Saturday, 23 June 2012

Williams 7yr Journey to Life - Day 56 - Time Traveling


Within my process I've become acutely aware of the ups and downs.  One day there is a feeling of up, the next its down, with even shorter intervals at times.  The most seemingly benign things can trigger ups and downs.  Something someone says, or I see a picture or something else will prompt a thought to come up, and I will reflect on it from a future perspective - as a projection, in comparing myself to someone or something - and I then create an idea of the 'best case scenario', or the 'worst case scenario'.

Thus jumping from one time dimension to another, in fear of 'what may or may not happen' in the future - all based on my past programmed thoughts and ideas.

What I really need to do is write things out immediately when they come up, that way I can trap my feelings in one dimension - here - so that I can see it and deconstruct it without the thought and feeling 'fleeing' away, only to come back at another time if it is not dealt with in the moment.

One trigger today was a picture of myself.  A thought came up that I am getting old, and so that triggered regret that I have not accomplished that which I would have liked to accomplish yet in this life - as transcending all points of self-dishonesty and standing Equal to all, here, in and as my physical body.

Another trigger further compounded the first, where I had a reaction to a perspective and judged myself as 'not being honest enough with myself yet.  This then triggered discouragement which triggered frustration, which triggered tiredness, which triggered neglect. 

Within these triggered points there also opened up other points.  I am still not living up to my expectations, and or the projected image of myself. I am desiring to be perfect in my process, yet this desire is a deception, because I am using it as a crutch, as a graven image which gives me a good feeling about myself, which I use to encourage myself - in polarity - in which case I inevitably fall into the opposite polarity of discouragement.

So it is time to drop the image so I can sort out what is here, step by step, breath by breath.

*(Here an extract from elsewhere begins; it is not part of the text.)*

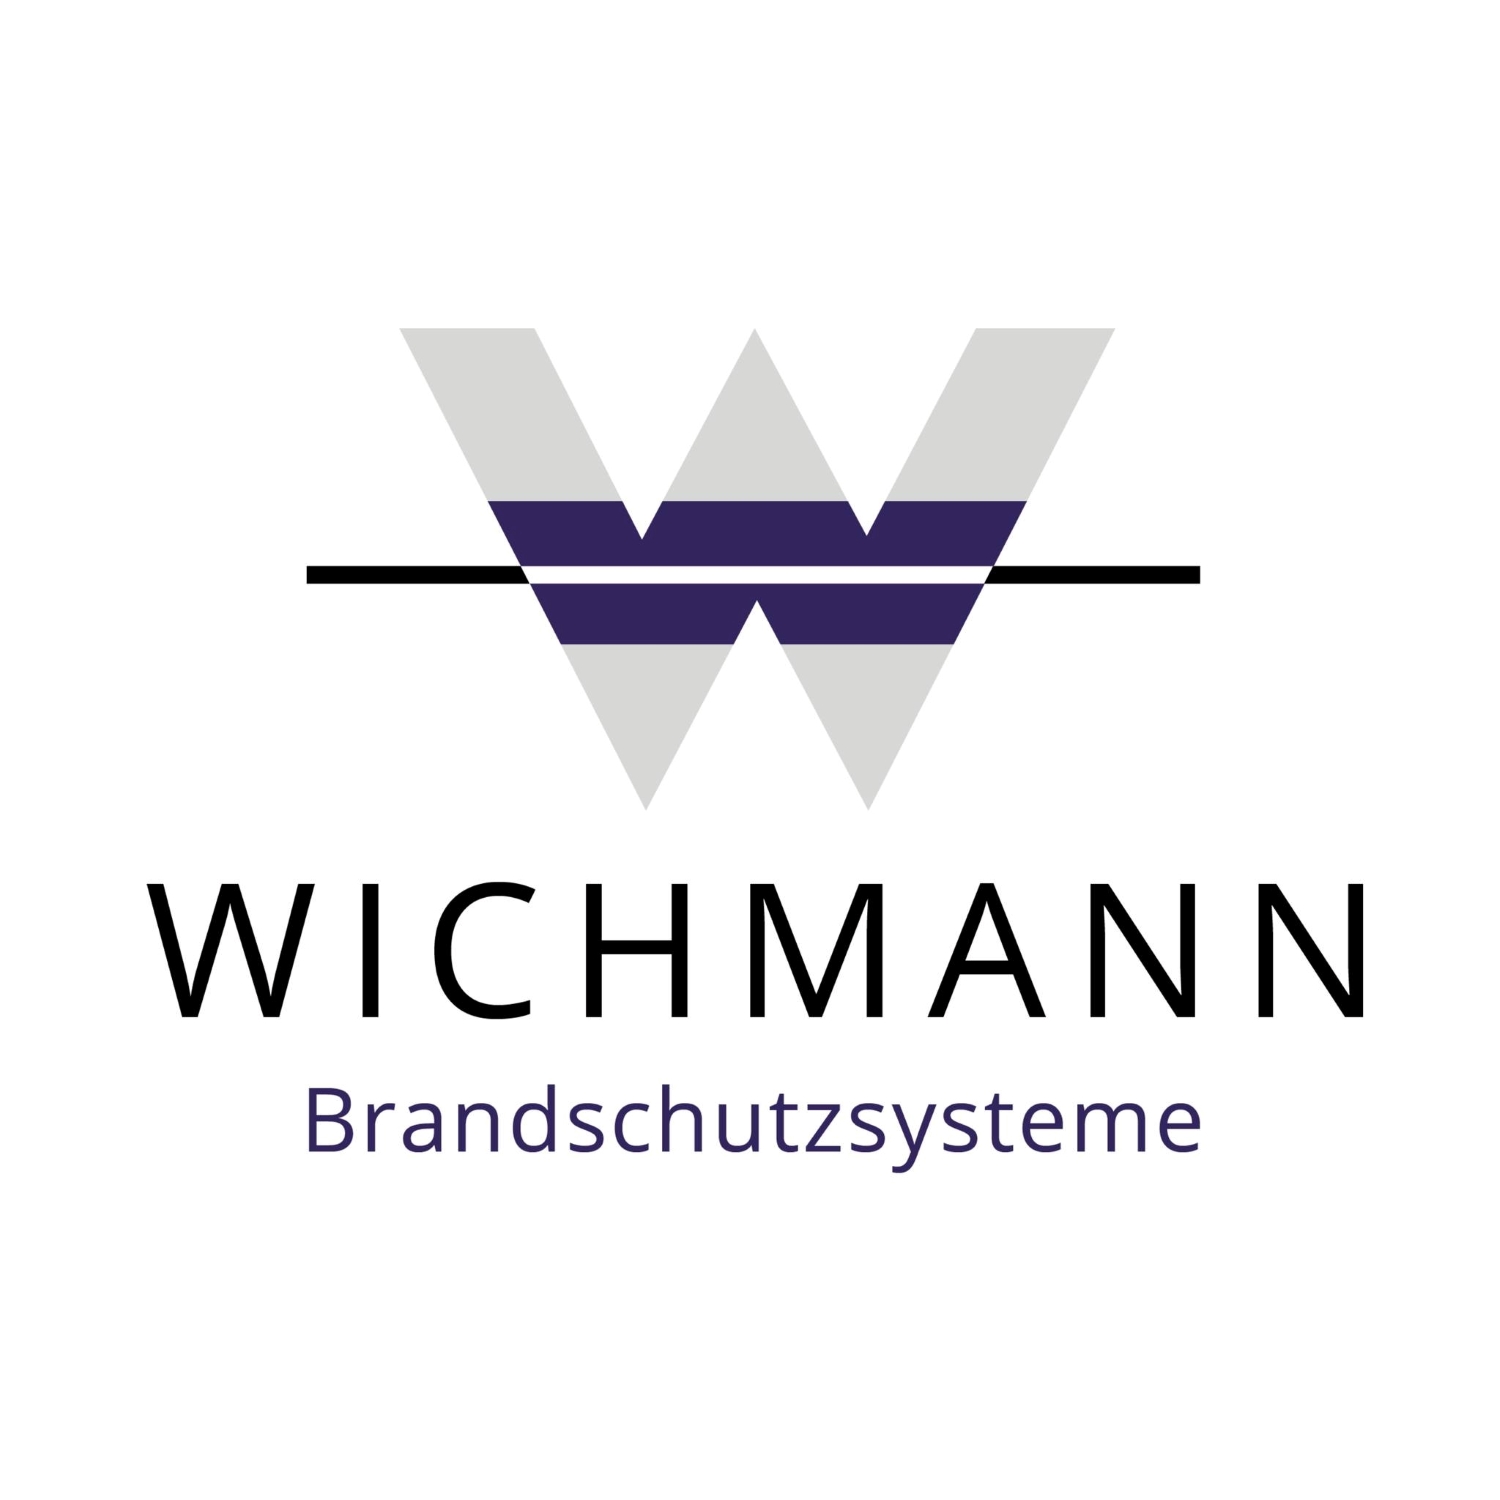 Wichmann Brandschutzsysteme

I forgive myself that I have accepted and allowed myself to project an image of myself in my mind into the future based on my past so that I may manipulate myself into giving myself a good feeling and in so attempt to encourage myself within the polarity game of encouragement/discouragement.

I forgive myself that I have accepted and allowed myself to value and compare myself to the image I have constructed of myself within my mind as an idea, where I actually deny what is here and use this future projection as a point and means to blame others as 'not being as good as me', and in so compromise my self-honesty and create further consequences for myself.

I forgive myself that I have accepted and allowed myself to judge myself through the image of myself I have created in my mind in fear of what others will think of me.  This also in fear of consequences that will play out instead of me being here and facing myself within writing so that I can trap and see the points in written format without them fleeing away in my mind.

I forgive myself that I have accepted and allowed myself to create the best case/worst case scenario in my mind and so react to those mind scenarios which create further cycles and time-loops within my process of self-realization.

I forgive myself that I have accepted and allowed myself to hesitate to write out points for myself as soon as I am able, so that I may see how I am hiding from myself, and so creating more cycles within which I am not being honest with myself and dealing with what is here as me, in and as the physical, moment by moment.

I forgive myself that I have accepted and allowed myself to want/desire to be liked or be seen as special where I have created ideas and images of myself in my mind so that I may have good feelings about myself without investigating and understanding what the outflow effect of these ideas and images will be. 

I forgive myself that I have accepted and allowed myself to want/desire to be a hero in my mind where I am thinking I can, and trying to do everything by myself and so putting myself through unnecessary stress and anxiety. 

I forgive myself that I have not accepted and allowed myself to prepare myself for what points that I must face within my day and week in a structured and disciplined manner.

I forgive myself that I have accepted and allowed myself to take the first option that comes to mind - as opposed to having patience to explore what other opportunities are available - without unnecessarily aversion to making a decision.

I commit myself to structuring, organizing and prioritizing my days and weeks so that I may prepare myself for the points that I know I have to face within my daily participation, and so be ready to address them and deal with them appropriately in the moment.

I commit myself to physical walking of my process within breath, so that I am constantly dealing with what is here in and as my physical process.

I commit myself to face points that come up as soon as I am able so that I can deal with them before more points are triggered, and so i can stop the cycle before it starts.

I commit myself keeping my process simple through effective writing and establishing myself within and as self-trust.